Work task:
In the material below, find the line with "Free Download Fender" and the line with "Le KINGDOM festival", then output those two lines and every line between them, exactly.

Supplied material:
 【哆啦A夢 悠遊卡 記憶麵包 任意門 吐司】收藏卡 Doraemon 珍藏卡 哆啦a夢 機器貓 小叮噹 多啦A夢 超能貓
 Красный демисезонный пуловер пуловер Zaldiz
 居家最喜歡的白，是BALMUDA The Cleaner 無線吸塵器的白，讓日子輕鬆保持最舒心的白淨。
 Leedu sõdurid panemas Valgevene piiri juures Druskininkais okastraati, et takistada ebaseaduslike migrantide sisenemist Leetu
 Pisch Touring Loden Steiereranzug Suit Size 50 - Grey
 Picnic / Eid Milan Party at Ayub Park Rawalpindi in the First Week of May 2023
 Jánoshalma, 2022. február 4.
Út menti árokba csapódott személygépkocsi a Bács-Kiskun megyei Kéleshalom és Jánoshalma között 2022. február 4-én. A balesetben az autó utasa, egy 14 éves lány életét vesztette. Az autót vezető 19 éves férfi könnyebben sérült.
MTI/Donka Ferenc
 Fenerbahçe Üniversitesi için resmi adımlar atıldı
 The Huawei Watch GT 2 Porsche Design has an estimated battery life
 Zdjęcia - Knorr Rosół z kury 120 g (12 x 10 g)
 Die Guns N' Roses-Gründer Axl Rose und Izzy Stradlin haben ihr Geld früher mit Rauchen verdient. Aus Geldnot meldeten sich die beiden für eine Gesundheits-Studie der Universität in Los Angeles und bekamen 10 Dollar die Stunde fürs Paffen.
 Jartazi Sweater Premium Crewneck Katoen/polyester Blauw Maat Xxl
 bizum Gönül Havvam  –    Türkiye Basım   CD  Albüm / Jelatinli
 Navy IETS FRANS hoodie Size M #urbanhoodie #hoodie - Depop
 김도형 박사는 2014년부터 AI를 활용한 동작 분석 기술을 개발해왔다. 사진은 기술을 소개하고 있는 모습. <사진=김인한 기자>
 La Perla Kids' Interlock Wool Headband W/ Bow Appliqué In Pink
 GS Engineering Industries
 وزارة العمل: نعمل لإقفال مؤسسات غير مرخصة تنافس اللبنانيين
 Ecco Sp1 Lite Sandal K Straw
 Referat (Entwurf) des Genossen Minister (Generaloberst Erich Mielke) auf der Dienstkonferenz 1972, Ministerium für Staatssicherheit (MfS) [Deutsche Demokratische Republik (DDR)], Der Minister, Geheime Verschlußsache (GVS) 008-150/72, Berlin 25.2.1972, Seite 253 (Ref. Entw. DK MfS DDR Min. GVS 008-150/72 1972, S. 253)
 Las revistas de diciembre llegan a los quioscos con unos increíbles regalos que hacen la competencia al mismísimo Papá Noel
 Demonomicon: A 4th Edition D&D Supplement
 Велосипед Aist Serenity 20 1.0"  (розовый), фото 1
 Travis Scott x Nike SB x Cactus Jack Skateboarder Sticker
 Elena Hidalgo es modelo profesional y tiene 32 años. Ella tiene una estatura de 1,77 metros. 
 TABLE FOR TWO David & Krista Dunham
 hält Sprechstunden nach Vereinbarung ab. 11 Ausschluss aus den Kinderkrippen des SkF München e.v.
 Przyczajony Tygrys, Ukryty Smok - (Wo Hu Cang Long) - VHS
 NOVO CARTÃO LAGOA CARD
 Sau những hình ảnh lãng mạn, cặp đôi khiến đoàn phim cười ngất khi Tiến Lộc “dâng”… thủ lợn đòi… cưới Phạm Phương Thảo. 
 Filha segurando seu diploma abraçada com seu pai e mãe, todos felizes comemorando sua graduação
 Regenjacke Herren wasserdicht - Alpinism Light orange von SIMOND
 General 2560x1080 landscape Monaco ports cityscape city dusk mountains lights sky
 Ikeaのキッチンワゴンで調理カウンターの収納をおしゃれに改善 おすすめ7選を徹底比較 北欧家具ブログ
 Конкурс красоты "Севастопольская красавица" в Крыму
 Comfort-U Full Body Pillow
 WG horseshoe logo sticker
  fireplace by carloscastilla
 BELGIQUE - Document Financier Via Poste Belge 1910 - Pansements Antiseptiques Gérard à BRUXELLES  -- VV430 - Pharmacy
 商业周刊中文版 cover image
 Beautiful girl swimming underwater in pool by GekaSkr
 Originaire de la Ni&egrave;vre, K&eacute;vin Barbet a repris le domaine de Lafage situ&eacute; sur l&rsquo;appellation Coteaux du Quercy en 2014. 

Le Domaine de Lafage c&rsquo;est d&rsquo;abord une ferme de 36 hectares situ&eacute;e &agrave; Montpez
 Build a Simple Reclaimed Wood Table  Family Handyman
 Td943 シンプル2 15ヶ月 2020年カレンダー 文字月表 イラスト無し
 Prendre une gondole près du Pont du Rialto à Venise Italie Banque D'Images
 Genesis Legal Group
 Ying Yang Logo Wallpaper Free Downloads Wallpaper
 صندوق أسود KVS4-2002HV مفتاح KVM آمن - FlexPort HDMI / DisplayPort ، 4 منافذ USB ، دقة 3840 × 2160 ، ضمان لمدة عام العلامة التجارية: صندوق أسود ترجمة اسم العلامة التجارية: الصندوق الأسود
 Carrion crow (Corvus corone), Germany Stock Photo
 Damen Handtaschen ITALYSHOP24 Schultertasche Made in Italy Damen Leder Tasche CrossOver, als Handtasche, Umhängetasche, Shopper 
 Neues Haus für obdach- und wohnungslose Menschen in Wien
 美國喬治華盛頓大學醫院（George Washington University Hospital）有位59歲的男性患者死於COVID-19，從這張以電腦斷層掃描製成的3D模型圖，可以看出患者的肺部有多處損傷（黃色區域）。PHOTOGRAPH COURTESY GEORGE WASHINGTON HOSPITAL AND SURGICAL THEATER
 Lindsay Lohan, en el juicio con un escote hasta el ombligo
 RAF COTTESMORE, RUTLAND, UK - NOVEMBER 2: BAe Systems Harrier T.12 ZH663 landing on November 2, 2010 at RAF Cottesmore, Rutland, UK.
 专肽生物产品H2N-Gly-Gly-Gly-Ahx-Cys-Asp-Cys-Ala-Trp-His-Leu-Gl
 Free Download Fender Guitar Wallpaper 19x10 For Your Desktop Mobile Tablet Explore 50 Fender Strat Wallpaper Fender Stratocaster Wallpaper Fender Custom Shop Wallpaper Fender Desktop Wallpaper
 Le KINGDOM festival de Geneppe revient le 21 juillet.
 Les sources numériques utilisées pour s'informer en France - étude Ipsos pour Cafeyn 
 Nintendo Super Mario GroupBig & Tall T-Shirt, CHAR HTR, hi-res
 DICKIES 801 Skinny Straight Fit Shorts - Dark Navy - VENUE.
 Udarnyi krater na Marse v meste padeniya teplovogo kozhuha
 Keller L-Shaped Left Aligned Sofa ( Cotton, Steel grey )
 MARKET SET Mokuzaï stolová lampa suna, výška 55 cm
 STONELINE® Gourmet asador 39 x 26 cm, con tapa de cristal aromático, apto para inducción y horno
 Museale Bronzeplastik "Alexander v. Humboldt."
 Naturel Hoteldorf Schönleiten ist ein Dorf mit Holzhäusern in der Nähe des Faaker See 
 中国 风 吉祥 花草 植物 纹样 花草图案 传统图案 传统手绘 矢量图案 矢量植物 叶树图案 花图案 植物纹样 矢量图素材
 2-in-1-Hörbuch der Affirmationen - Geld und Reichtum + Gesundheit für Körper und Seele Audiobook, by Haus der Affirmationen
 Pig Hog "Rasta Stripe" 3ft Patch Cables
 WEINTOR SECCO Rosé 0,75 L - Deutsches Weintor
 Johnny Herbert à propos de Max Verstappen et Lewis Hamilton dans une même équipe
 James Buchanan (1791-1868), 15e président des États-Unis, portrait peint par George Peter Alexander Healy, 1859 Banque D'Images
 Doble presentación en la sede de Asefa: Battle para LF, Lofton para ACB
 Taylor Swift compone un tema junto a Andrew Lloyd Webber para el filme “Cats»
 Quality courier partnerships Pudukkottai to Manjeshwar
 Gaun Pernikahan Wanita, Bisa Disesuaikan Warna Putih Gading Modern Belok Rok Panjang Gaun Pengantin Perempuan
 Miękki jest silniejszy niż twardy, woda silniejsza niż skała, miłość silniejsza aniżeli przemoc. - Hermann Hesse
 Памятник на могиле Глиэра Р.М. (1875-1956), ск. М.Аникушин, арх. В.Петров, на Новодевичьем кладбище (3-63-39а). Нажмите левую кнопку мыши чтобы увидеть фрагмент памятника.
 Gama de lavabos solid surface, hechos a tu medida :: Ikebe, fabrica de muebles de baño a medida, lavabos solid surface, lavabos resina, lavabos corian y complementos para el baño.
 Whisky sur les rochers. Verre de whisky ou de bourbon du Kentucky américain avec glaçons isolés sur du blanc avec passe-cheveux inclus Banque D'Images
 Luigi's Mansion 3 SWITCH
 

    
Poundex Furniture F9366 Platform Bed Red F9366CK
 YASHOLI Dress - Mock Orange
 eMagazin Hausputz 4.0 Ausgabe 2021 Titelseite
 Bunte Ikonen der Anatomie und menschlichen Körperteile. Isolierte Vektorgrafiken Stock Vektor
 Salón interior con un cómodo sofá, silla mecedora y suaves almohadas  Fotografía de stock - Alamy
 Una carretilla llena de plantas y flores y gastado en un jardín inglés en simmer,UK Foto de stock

Written solution:
 Free Download Fender Guitar Wallpaper 19x10 For Your Desktop Mobile Tablet Explore 50 Fender Strat Wallpaper Fender Stratocaster Wallpaper Fender Custom Shop Wallpaper Fender Desktop Wallpaper
 Le KINGDOM festival de Geneppe revient le 21 juillet.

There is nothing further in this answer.